● **Work item**
Go to the line with "Cute rectangular slanted" in the material below and copy from there through the line with "Red/Black - Contrast", exactly. Pictures are not copied.

● **Extracted data**
-*-
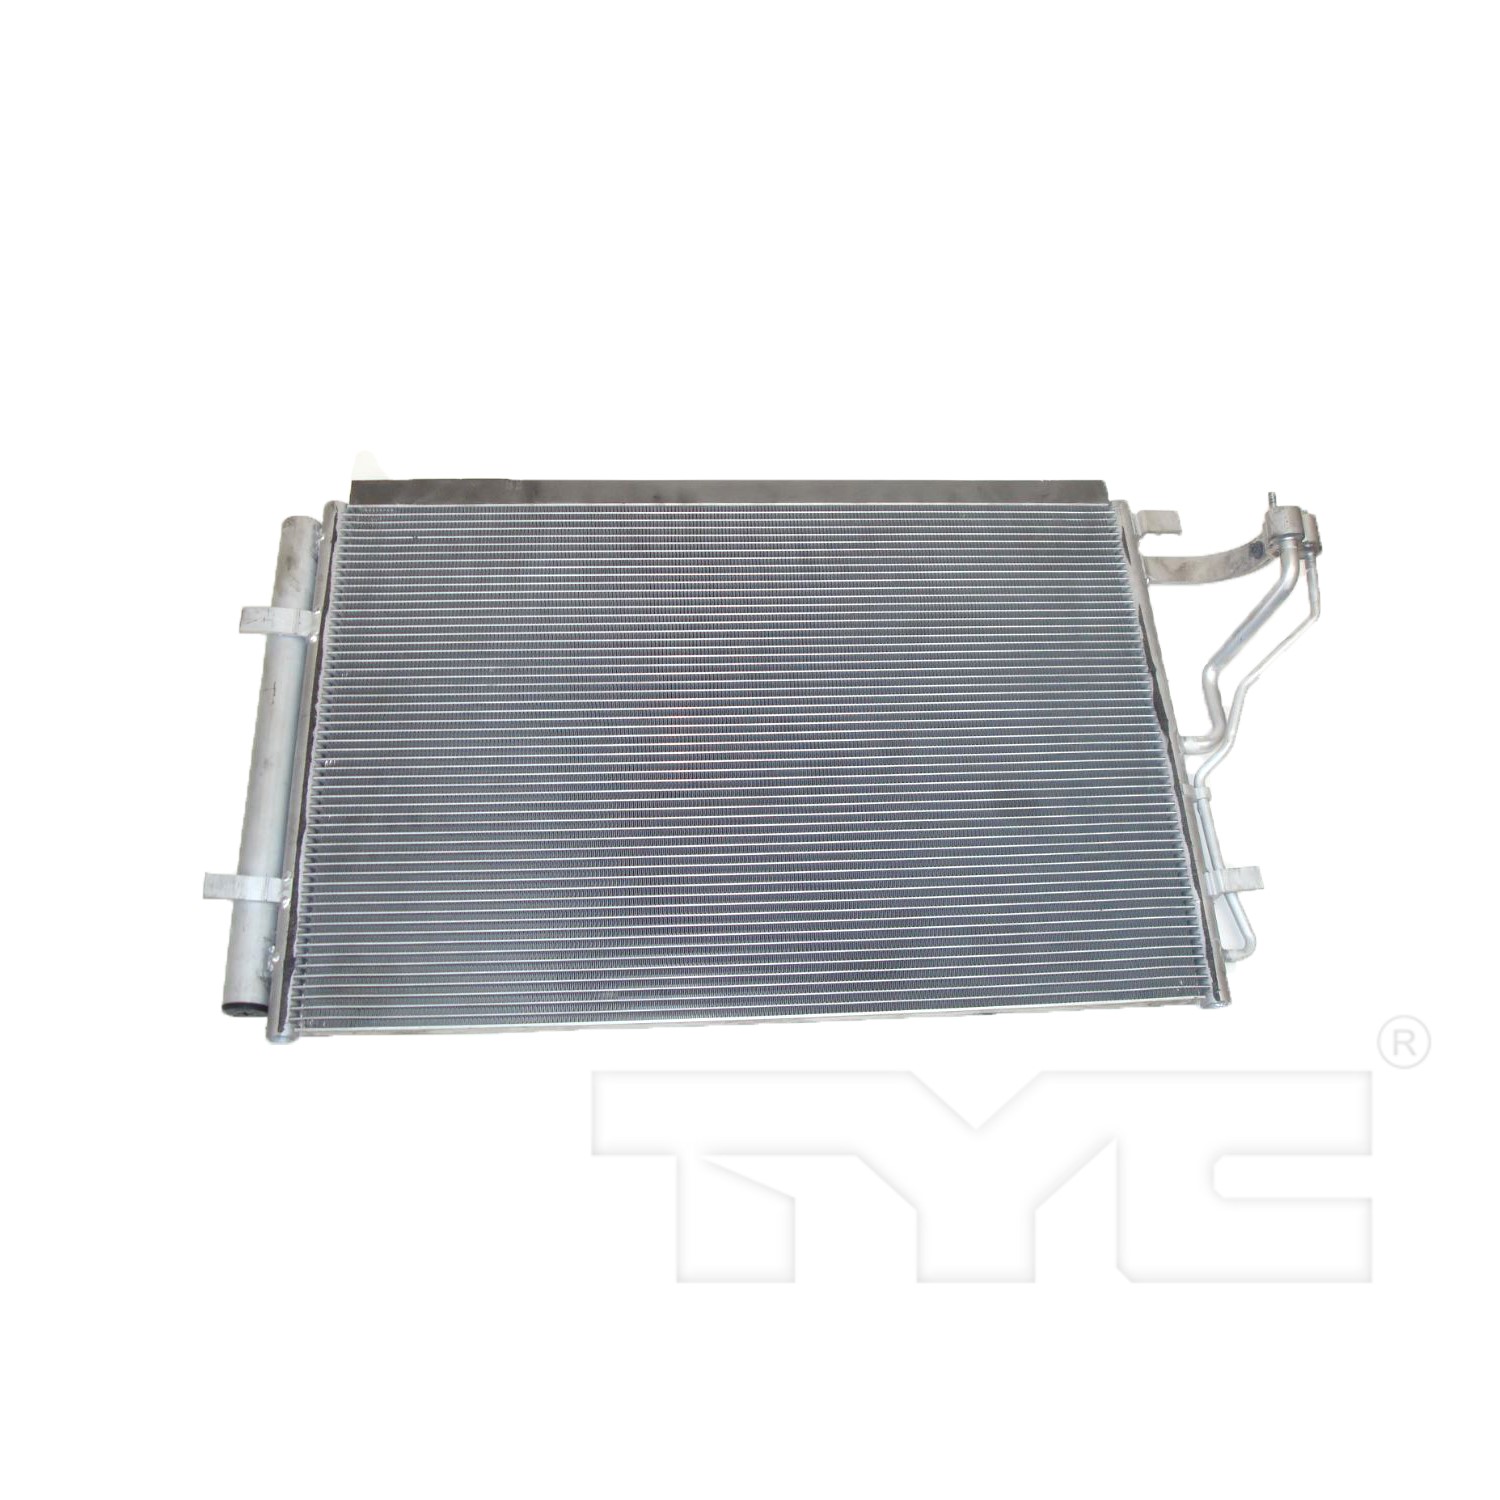 Aftermarket AC CONDENSERS for KIA - FORTE5, FORTE5,15-18,Air conditioning condenser
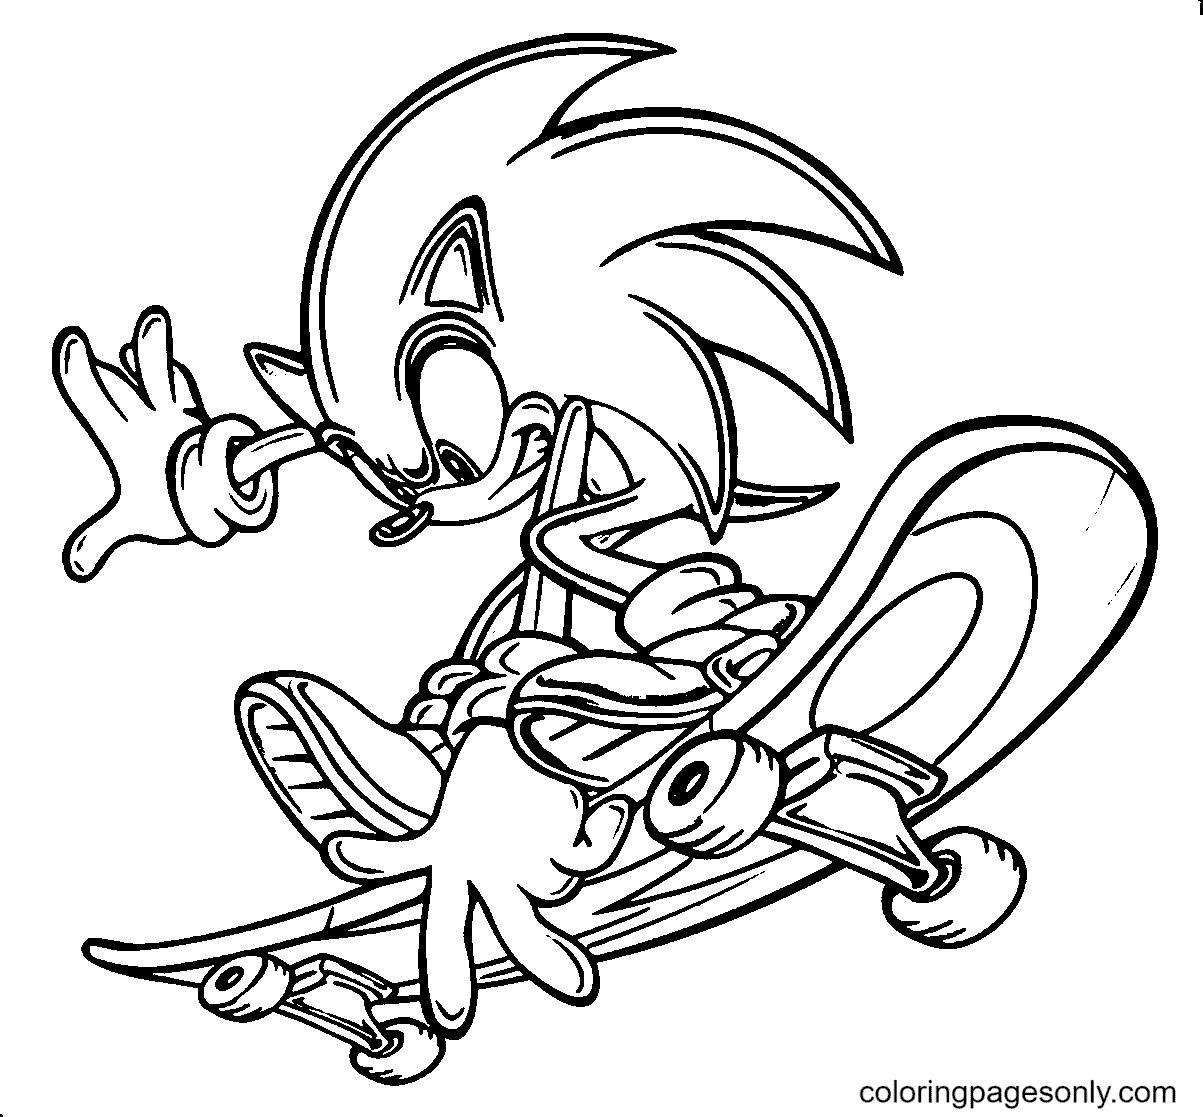 Sonic Skateboarding Coloring Page
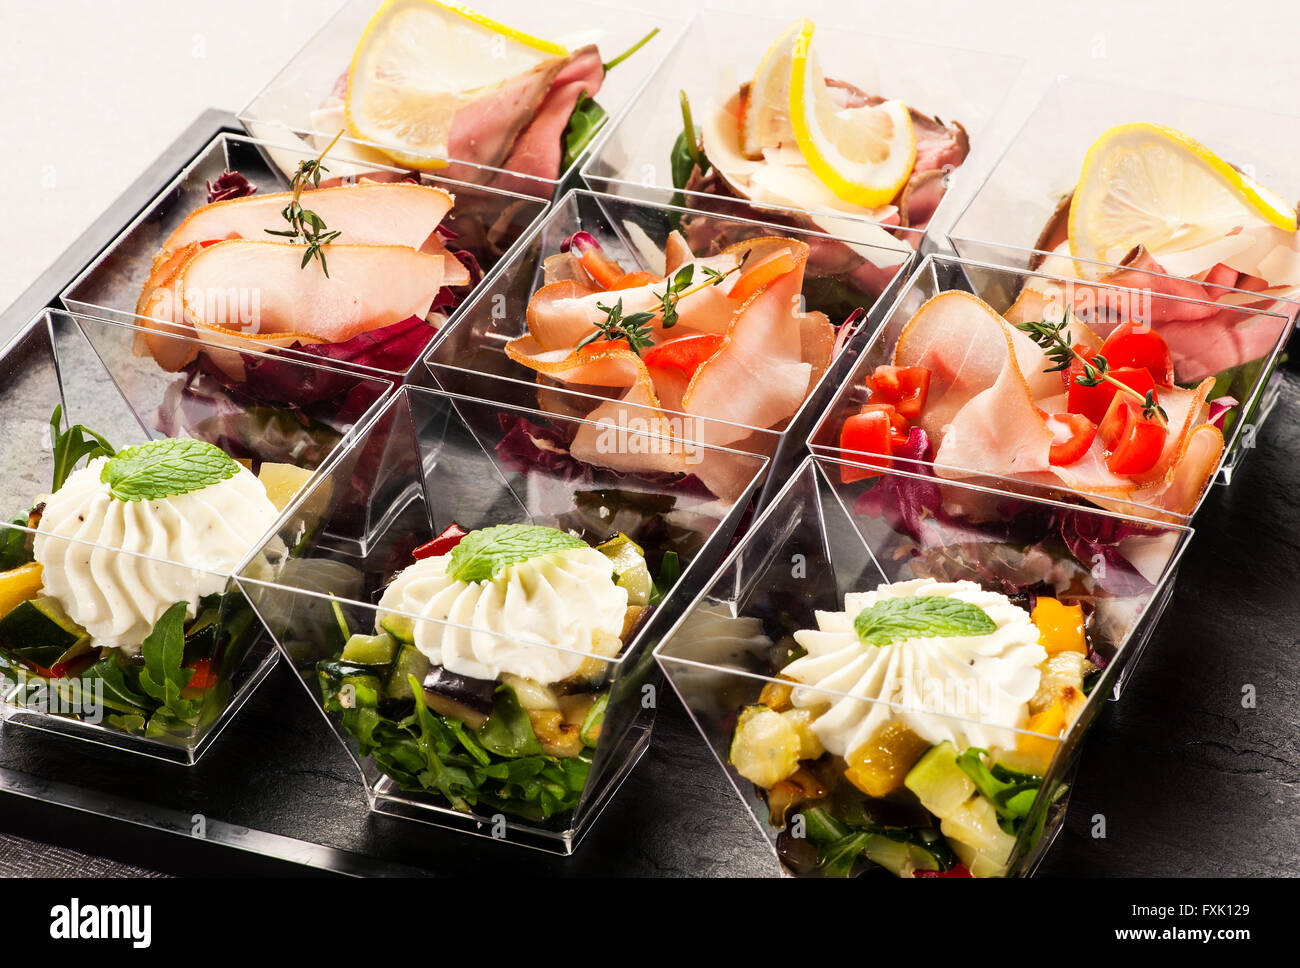 Cute rectangular slanted glass containers filled with delicious appetizers made of fruit, meat and herbs Stock Photo
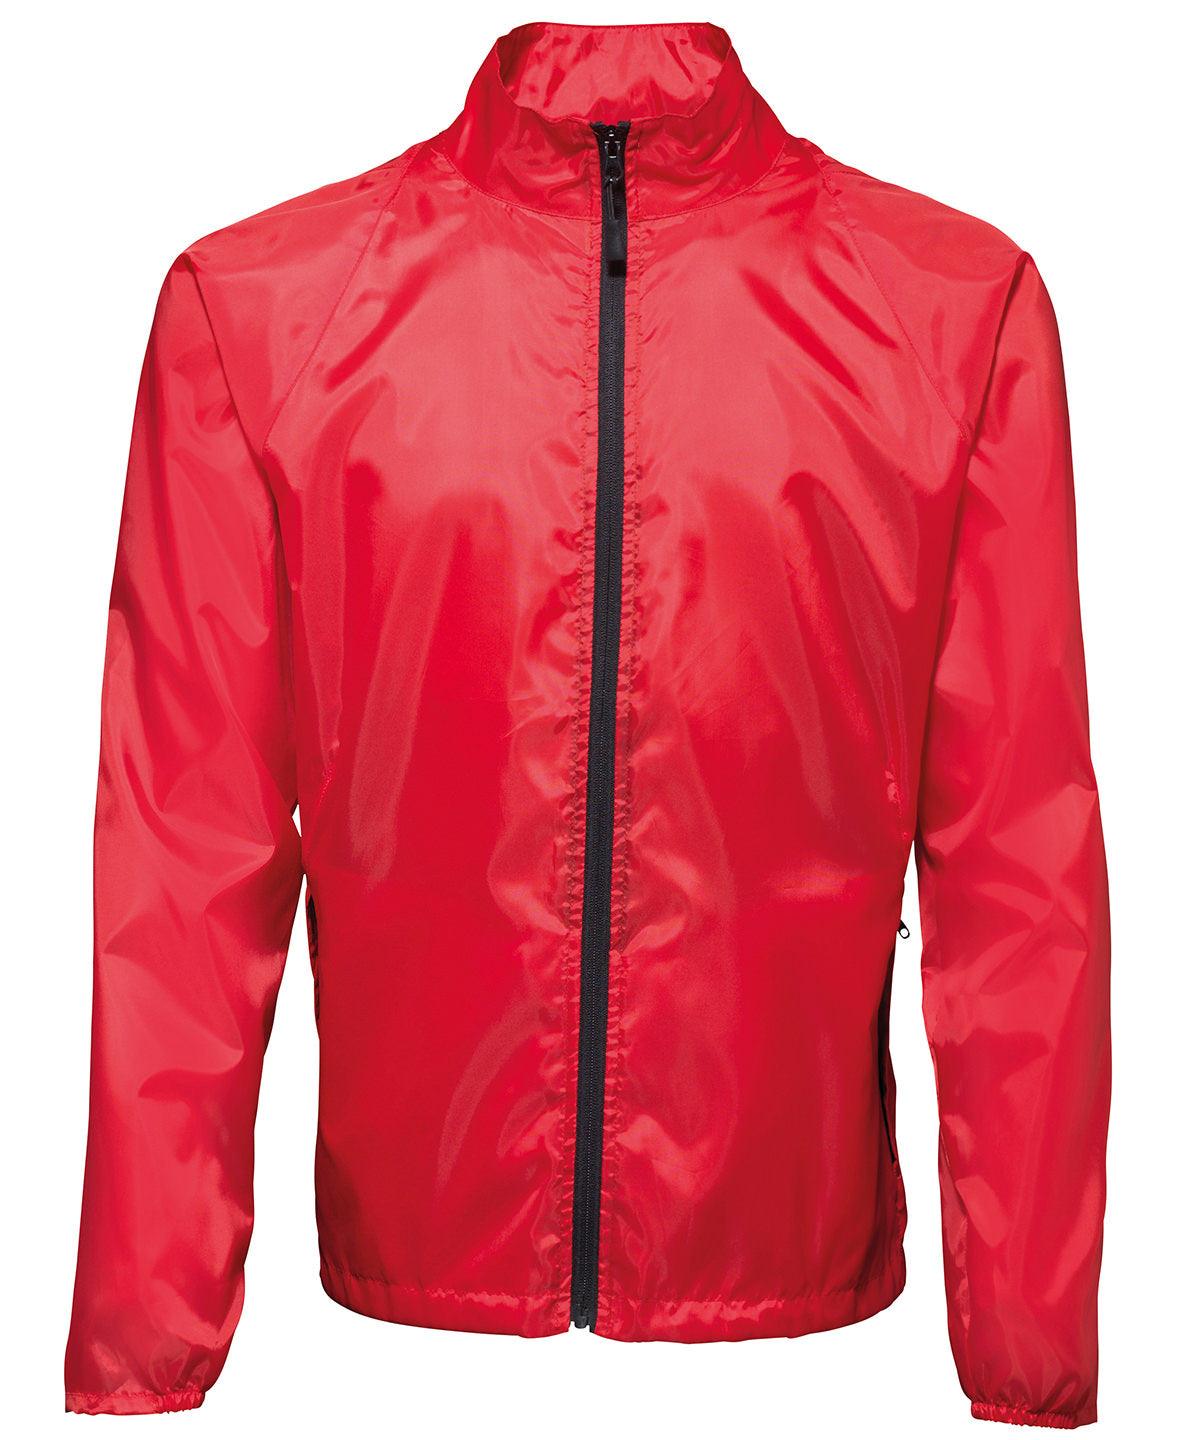 Red/Black - Contrast lightweight jacket Jackets 2786 Alfresco Dining, Camo, Jackets & Coats, Lightweight layers, Rebrandable, S/S 19 Trend Colours Schoolwear Centres
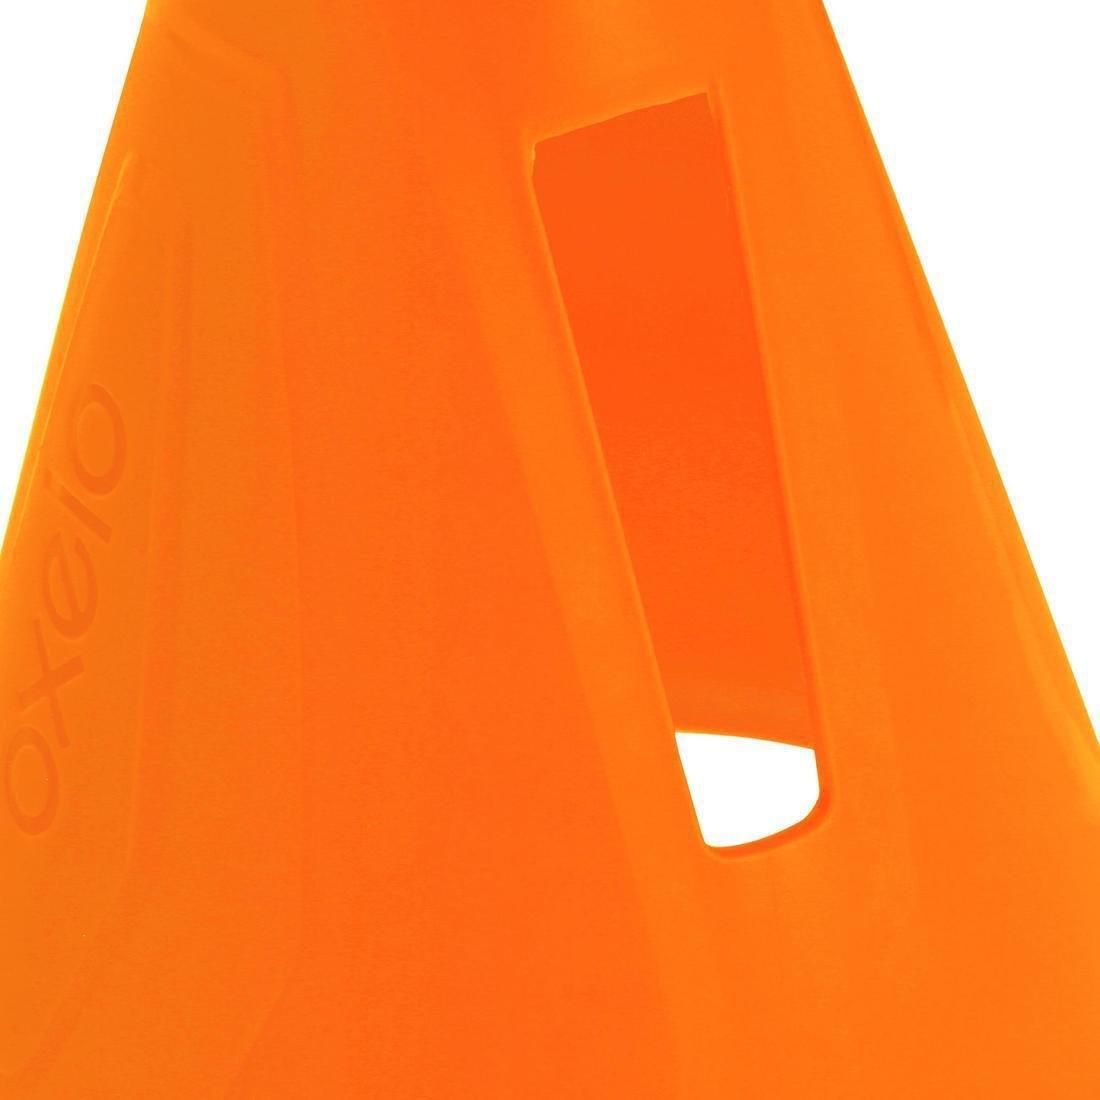 OXELO - Inline Skating Slalom Cones 10-Pack, Fluo Green
-*-
● **Task answer**
 Cute rectangular slanted glass containers filled with delicious appetizers made of fruit, meat and herbs Stock Photo
 Red/Black - Contrast lightweight jacket Jackets 2786 Alfresco Dining, Camo, Jackets & Coats, Lightweight layers, Rebrandable, S/S 19 Trend Colours Schoolwear Centres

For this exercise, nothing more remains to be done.